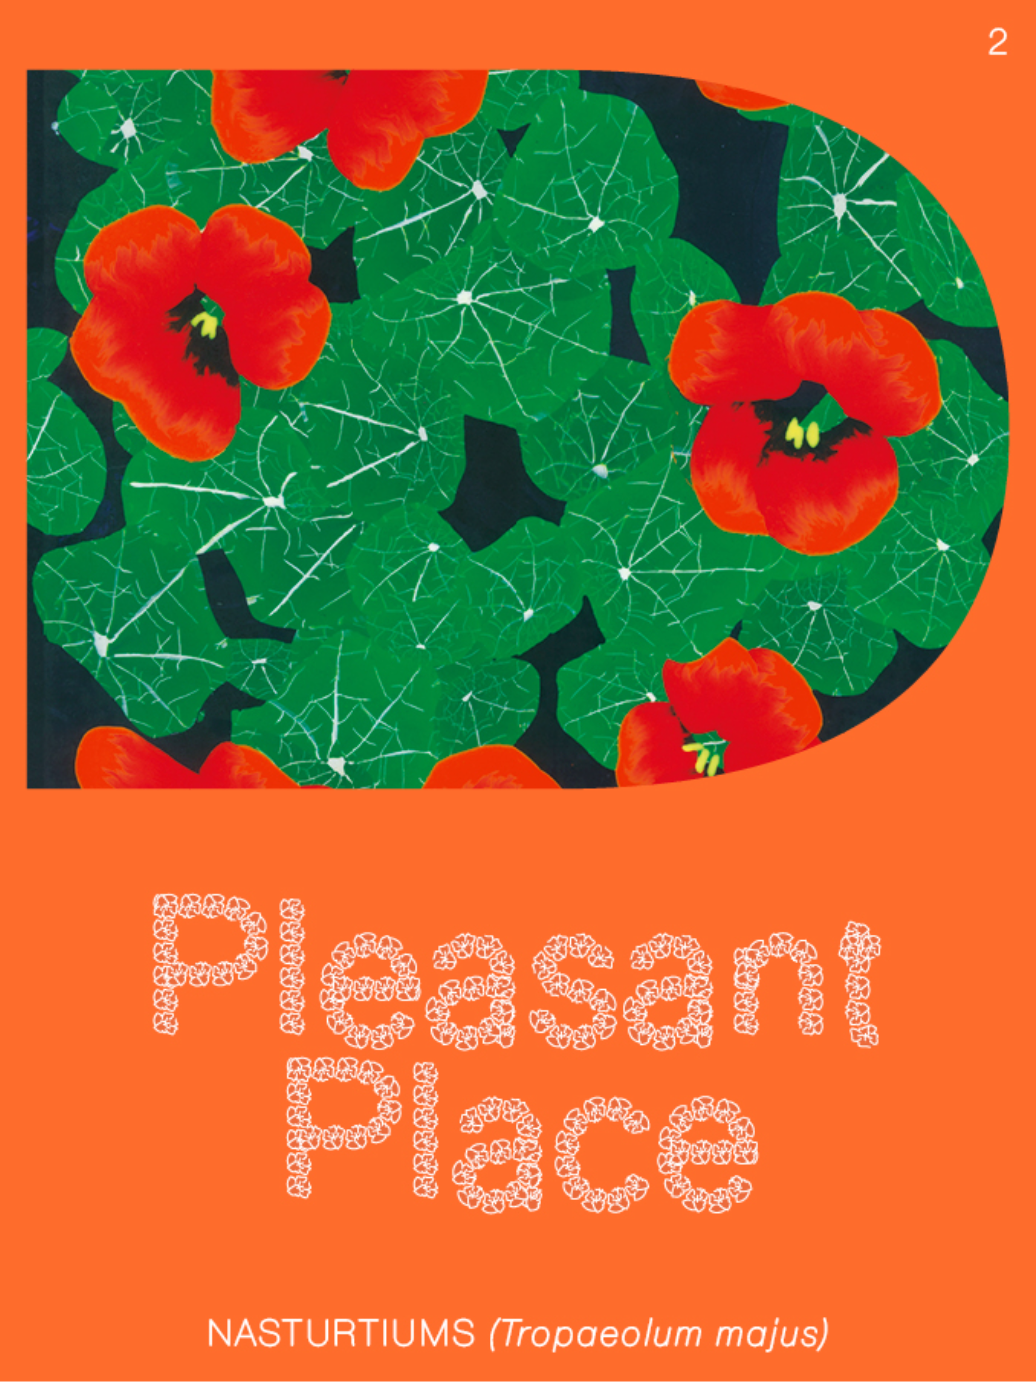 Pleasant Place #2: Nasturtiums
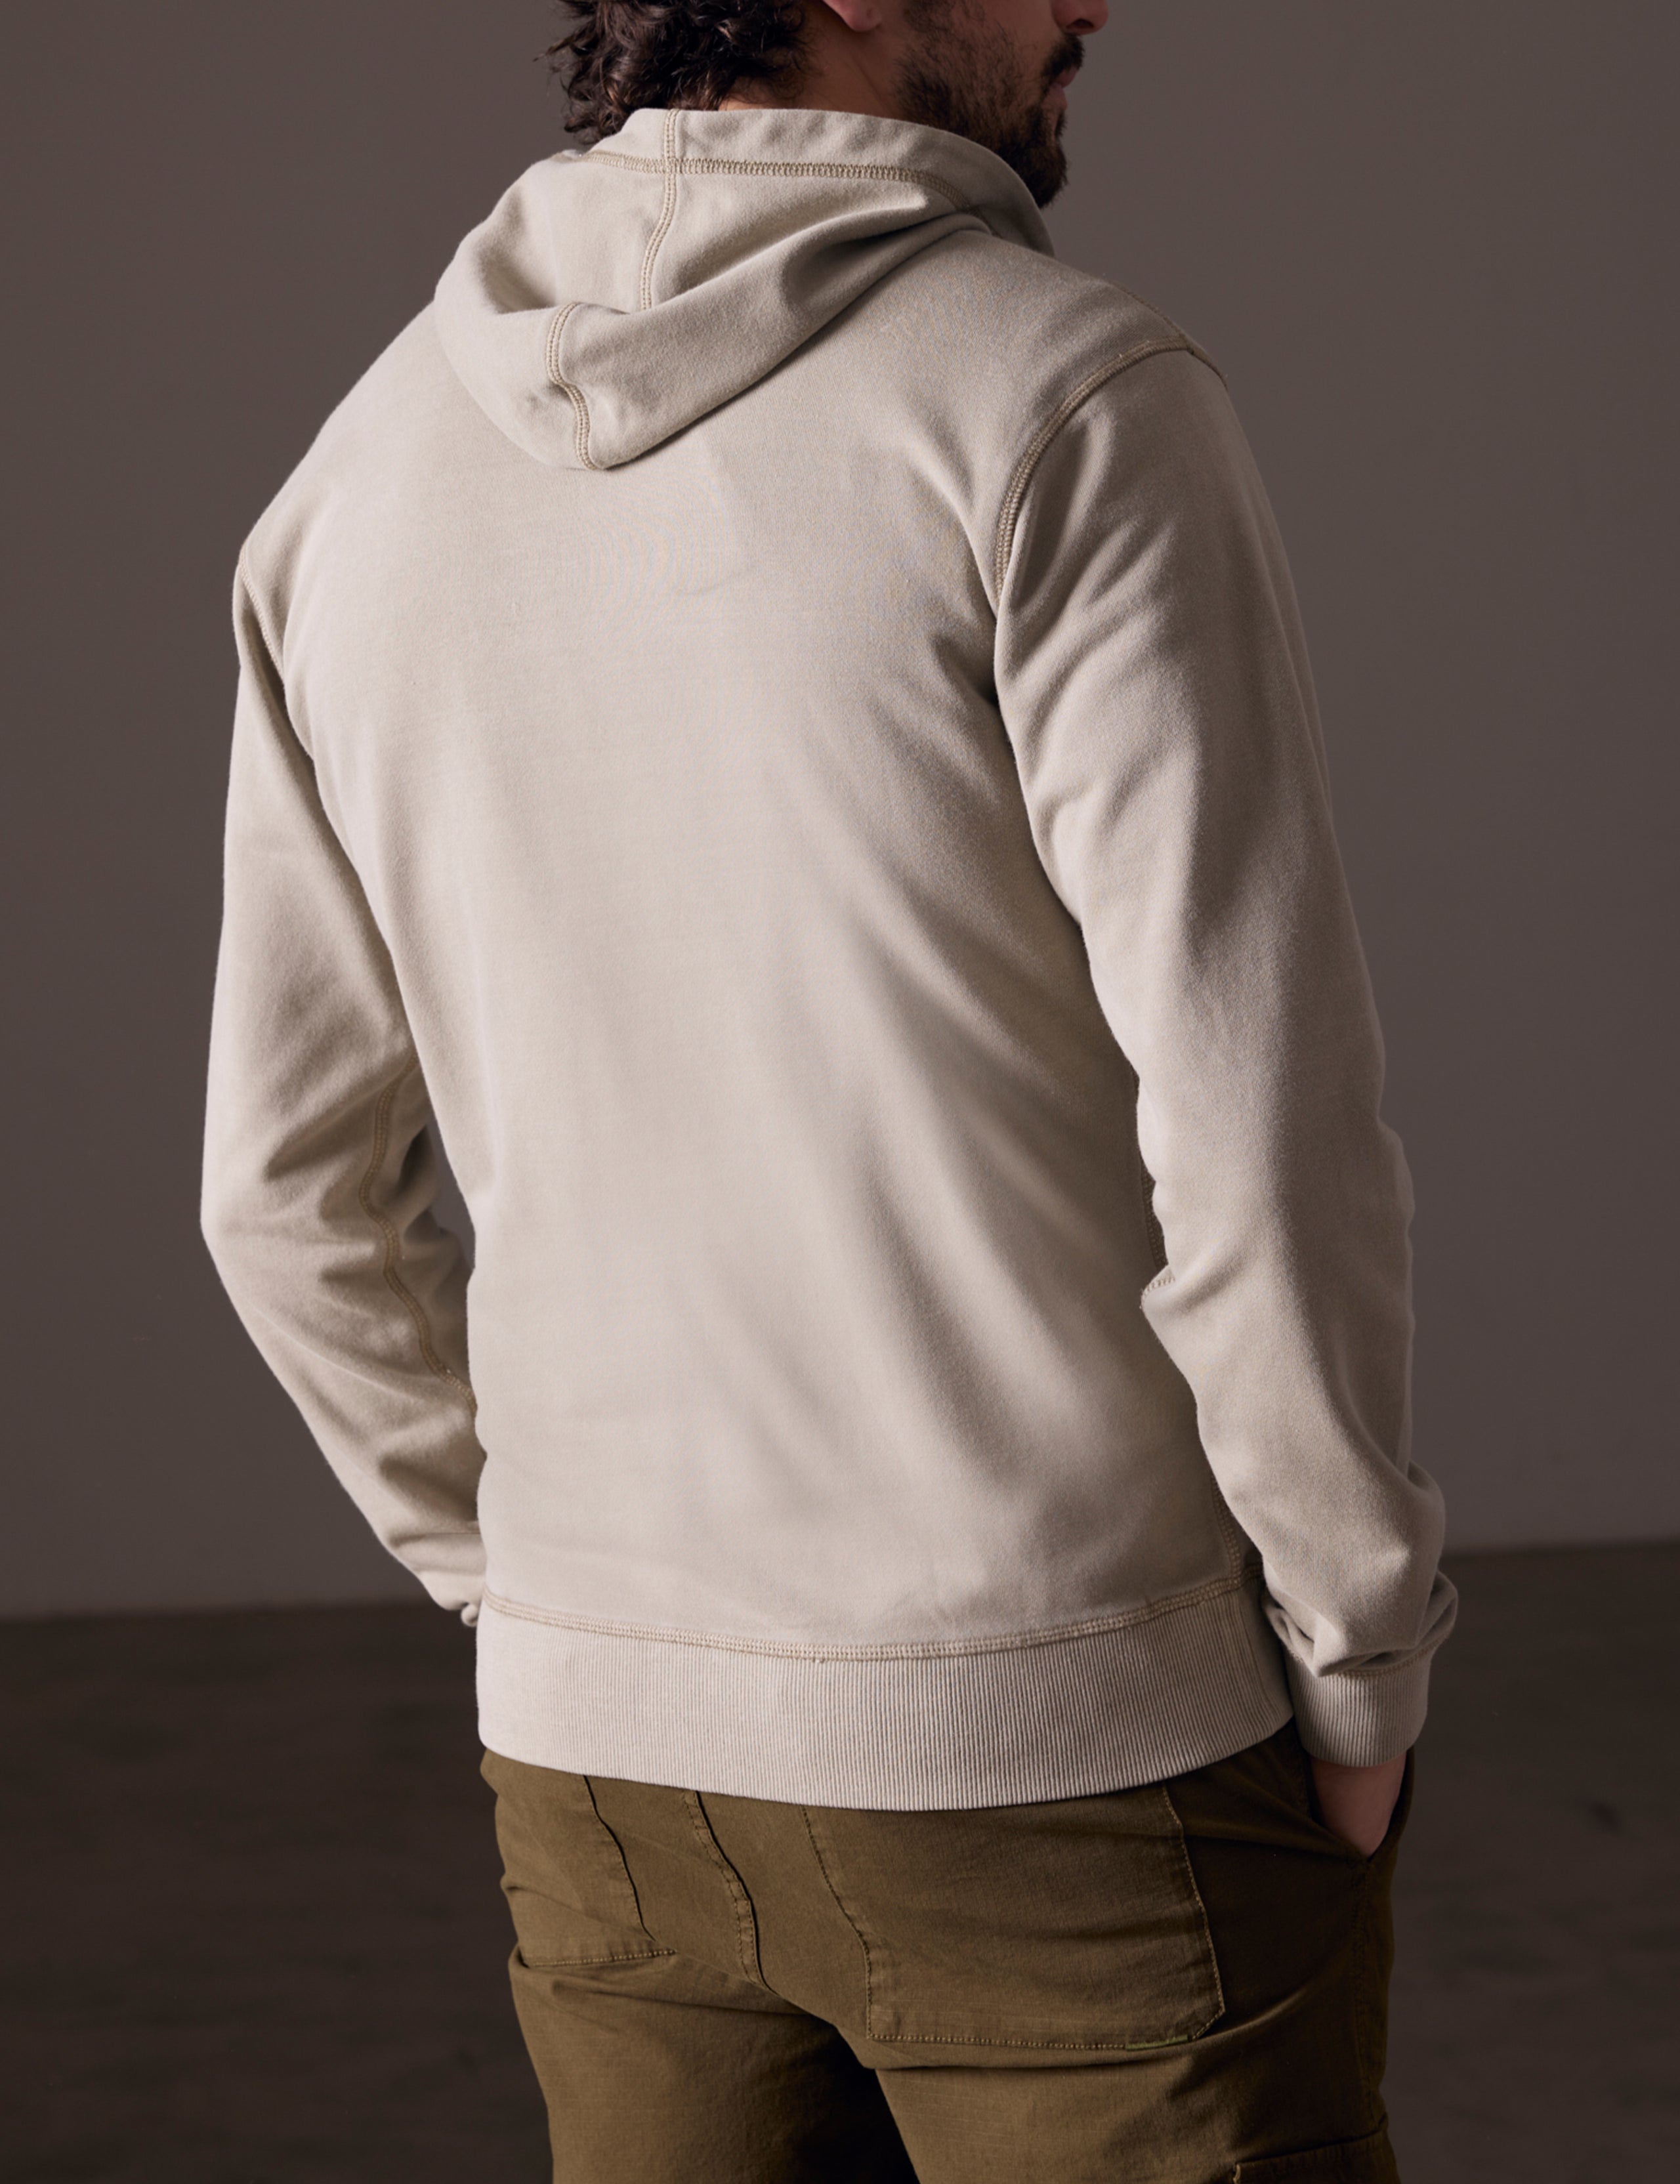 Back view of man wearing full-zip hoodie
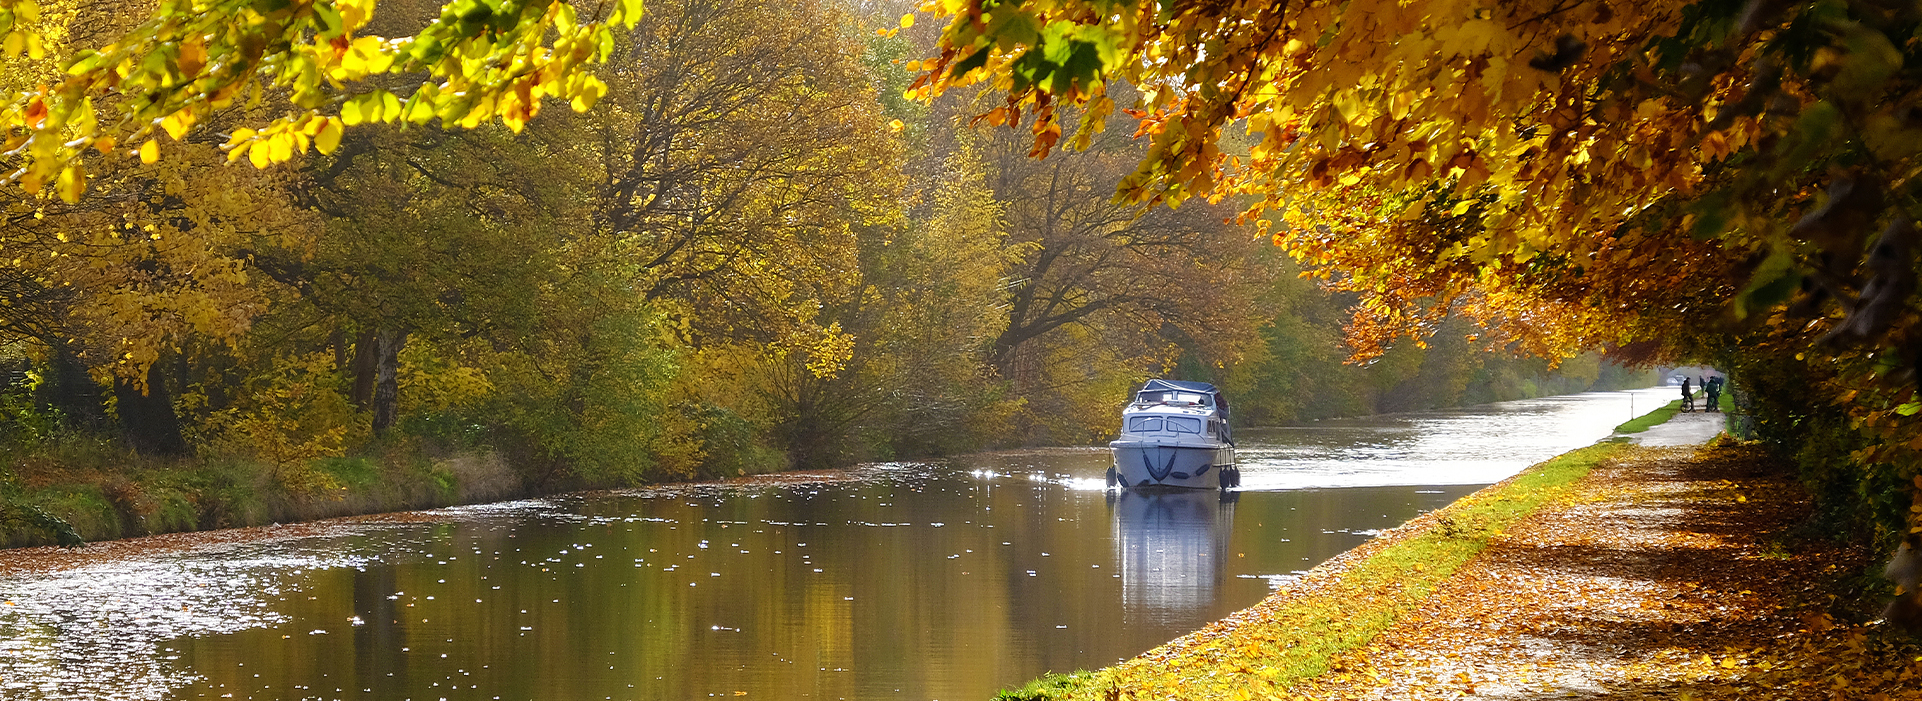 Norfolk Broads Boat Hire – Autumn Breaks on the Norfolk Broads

— Exercise goal —
With the pictures removed, copy the data above word for word.

— Response area —
 Pleasant Place #2: Nasturtiums
 Back view of man wearing full-zip hoodie
 Norfolk Broads Boat Hire – Autumn Breaks on the Norfolk Broads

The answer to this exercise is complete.